Шрифт:
Интервал:
Закладка:
Утром у больницы собралась толпа – странно тихая, настороженная, с двумя священниками: слова Гагенторна распространились по Тюмени, иначе бы такой толпе не собраться. Гагенторн вышел к толпе, оглядел всех и произнес:
– Пышный куст, однако, распустился.
– Ты нам мозги не пудри, – прокричал кто-то из толпы, – скажи лучше, Распутин что, умер?
– Жив, – усмехнувшись, ответил Гагенторн.
Когда Распутин почувствовал себя лучше, то вновь пригласил к себе корреспондентов, спросил привычно:
– Ну что, здорово испугались?
Корреспондент «Голоса Москвы», некто Е. Б-ков, неожиданно заявил Распутину:
– Вам бы, Григорий Ефимович, в монастырь! – И по-распутински покрутил пальцами в воздухе
Распутин заинтересованно поглядел на манипуляции корреспондента, сдвинул рот набок.
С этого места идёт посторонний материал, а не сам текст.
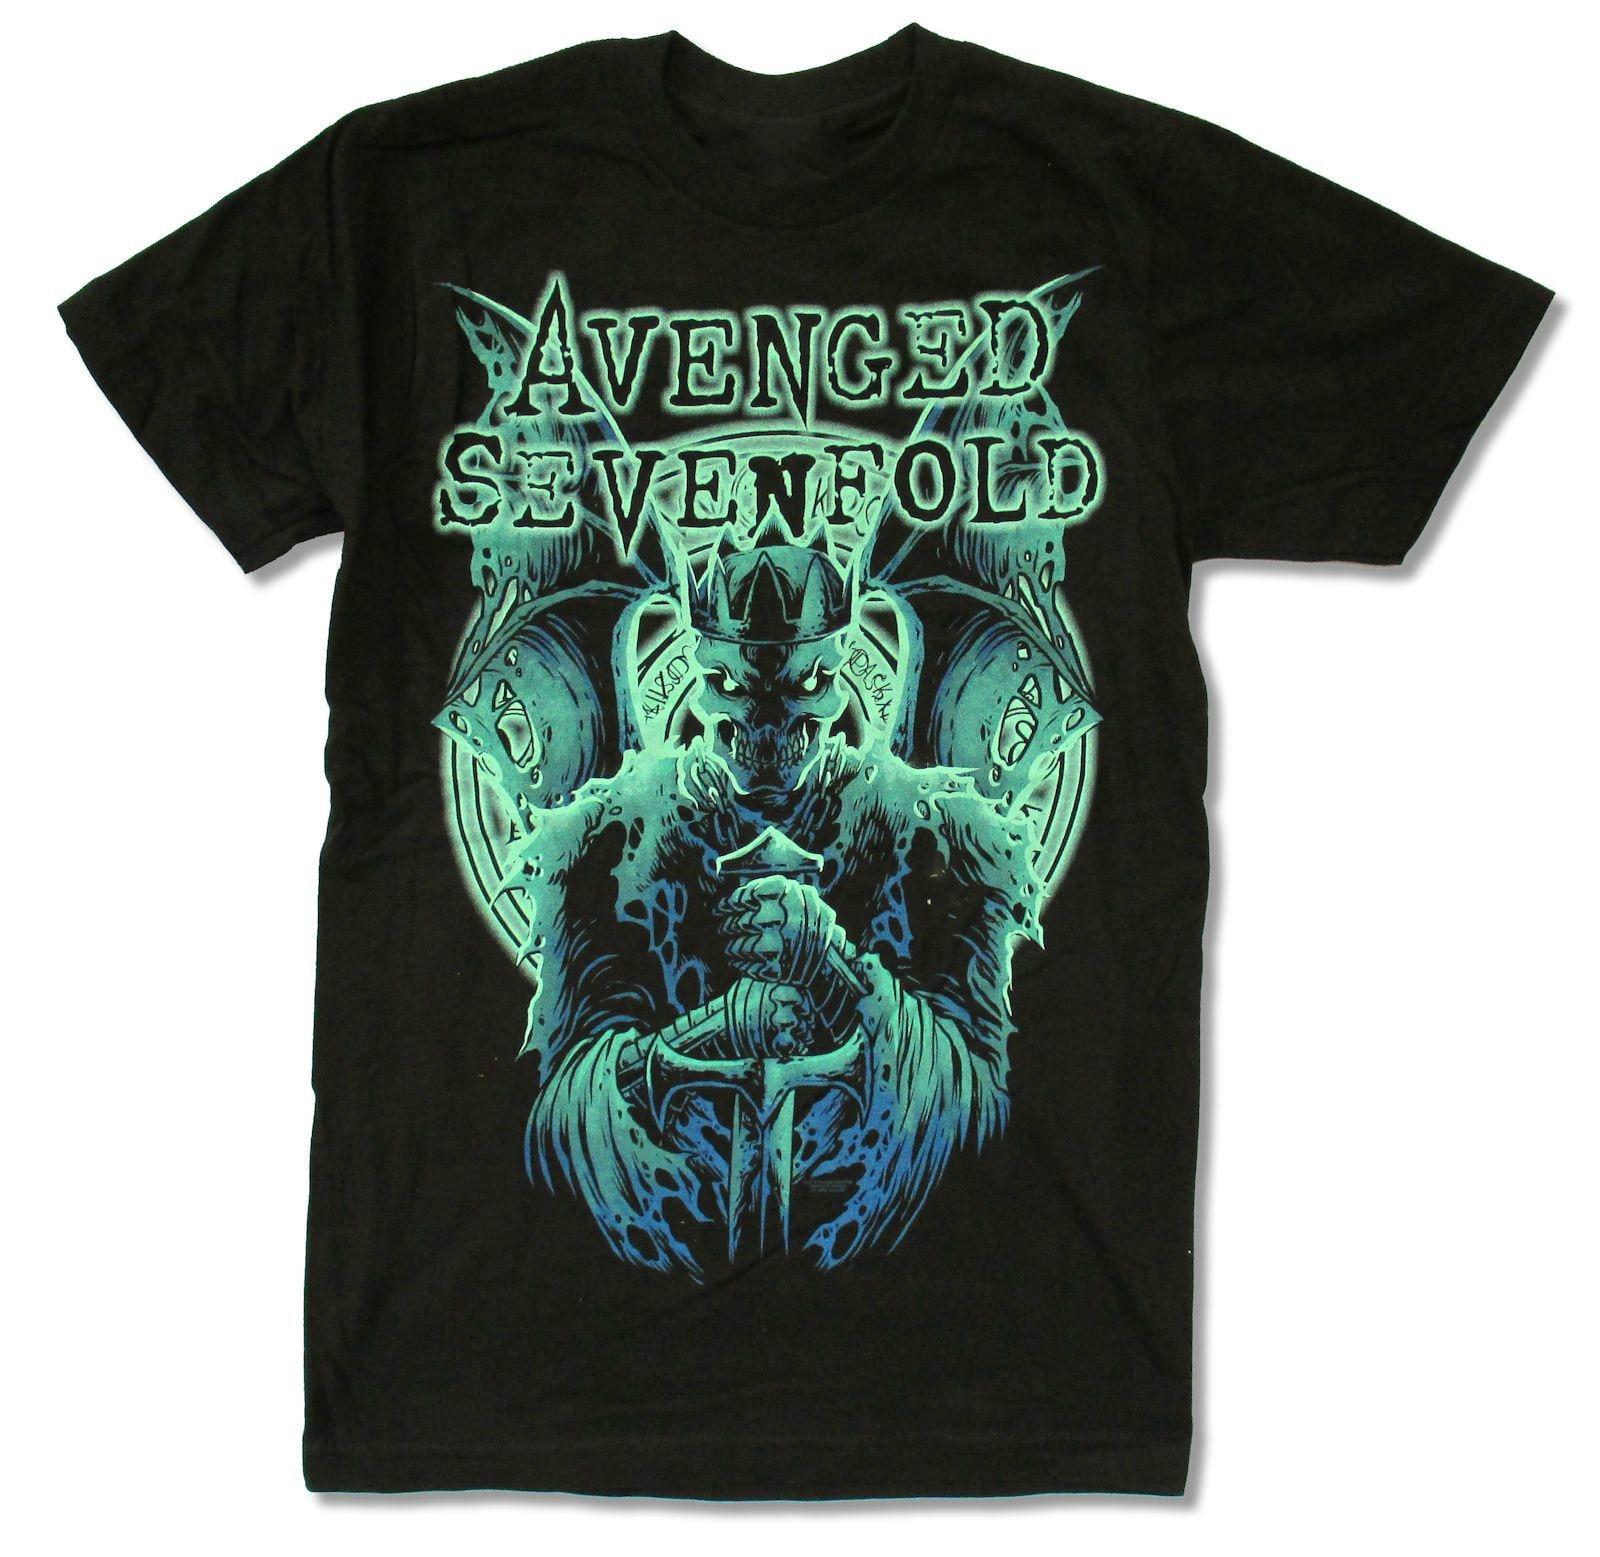 Plain black t shirt quality - Avenged Sevenfold Knight Black Slim Fit T Shirt New Official Adult A7x Plain Black T Shirt Mens

Корреспондент подумал, что Распутин обиделся – слишком недовольным и злым сделалось у него лицо, Распутин не обиделся, повторяя корреспондента, а точнее, повторяя самого себя, сделал пальцами «мельницу».
– Рано еще, рано… Обождать следует. На мне много обязанностей!
Он думал еще жить в привычном, немонастырском, мире, не хотел вспоминать о дурных ночах беспамятства, о гное, сочащемся из живота, об операциях и докторах, которых не любил, он рассчитывал одолеть по меньшей мере столько же лет, сколько оставил позади. Корреспондент прочитал все это в его глазах.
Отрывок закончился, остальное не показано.